Nous ne pouvons pas déterminer avec exactitude quand l’histoire de la lingerie a commencé, mais les premières traces remontent à l’Égypte antique et datent de 3 000 ans avant Jésus-Christ. Les tuniques étaient considérées comme un symbole de statut social pour les Égyptiens et étaient portées par les femmes de haut rang.
Elles étaient étroites et s’étendaient du dessous de la poitrine jusqu’aux chevilles, maintenues par des lanières croisées au niveau des épaules ; les bijoux, les parfums et le maquillage constituaient les armes de séduction des Égyptiennes.
Les esclaves et les servantes ne portaient aucun vêtement ; elles ne portaient qu’un pagne ou étaient nues, le corps à nu.
D’autres vestiges de sous-vêtements de l’Antiquité remontent à l’an 200 av. J.-C. : une figurine découverte en Crète représente ce que l’on considère comme le précurseur du corset, un vêtement similaire au corset, ainsi qu’un crinoline (structure composée de jupes superposées) qui maintenait et rehaussait la poitrine nue.

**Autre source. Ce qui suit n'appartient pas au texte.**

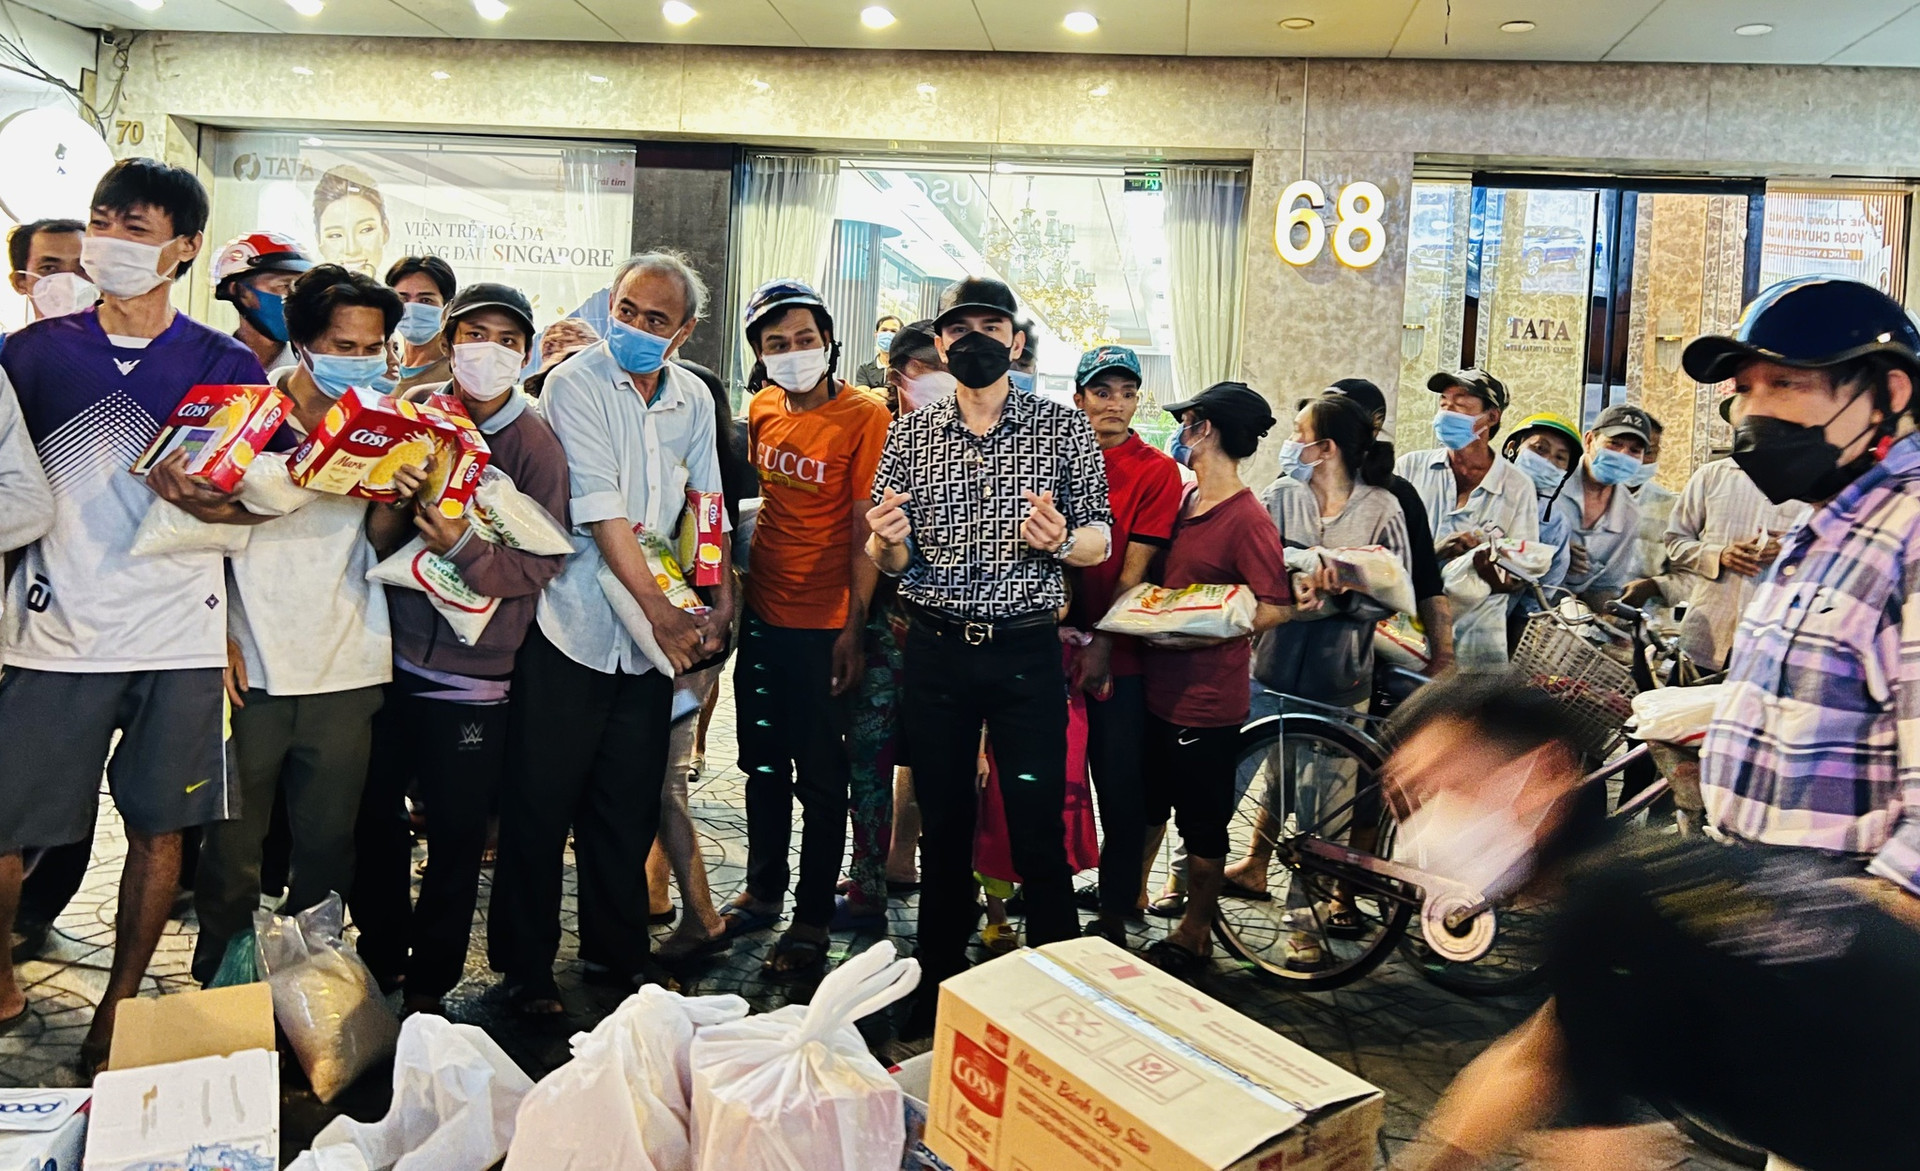 Đan Trường, Trung Quang trao quà cho người nghèo trước khi mang Tết Việt đến với kiều bào - ảnh 2

Les premiers tissus utilisés pour confectionner les sous-vêtements étaient le cuir, le lin et le coton.
On suppose que les chemises intérieures en lin existaient déjà en 1360 avant J.-C., puisque le pharaon Toutankhamon en portait une dans sa tombe.
GRÈCE
Les Grecs, grâce à leurs contacts avec les peuples orientaux, ont adapté les tuniques.
Les femmes de la Grèce classique, même si, dans la Grèce antique, elles portaient une bande croisée sur les épaules et le long de la poitrine, et même si elles ne connaissaient pas la notion de sous-vêtements telle que nous la concevons aujourd’hui, savaient déjà comment se rendre irrésistibles.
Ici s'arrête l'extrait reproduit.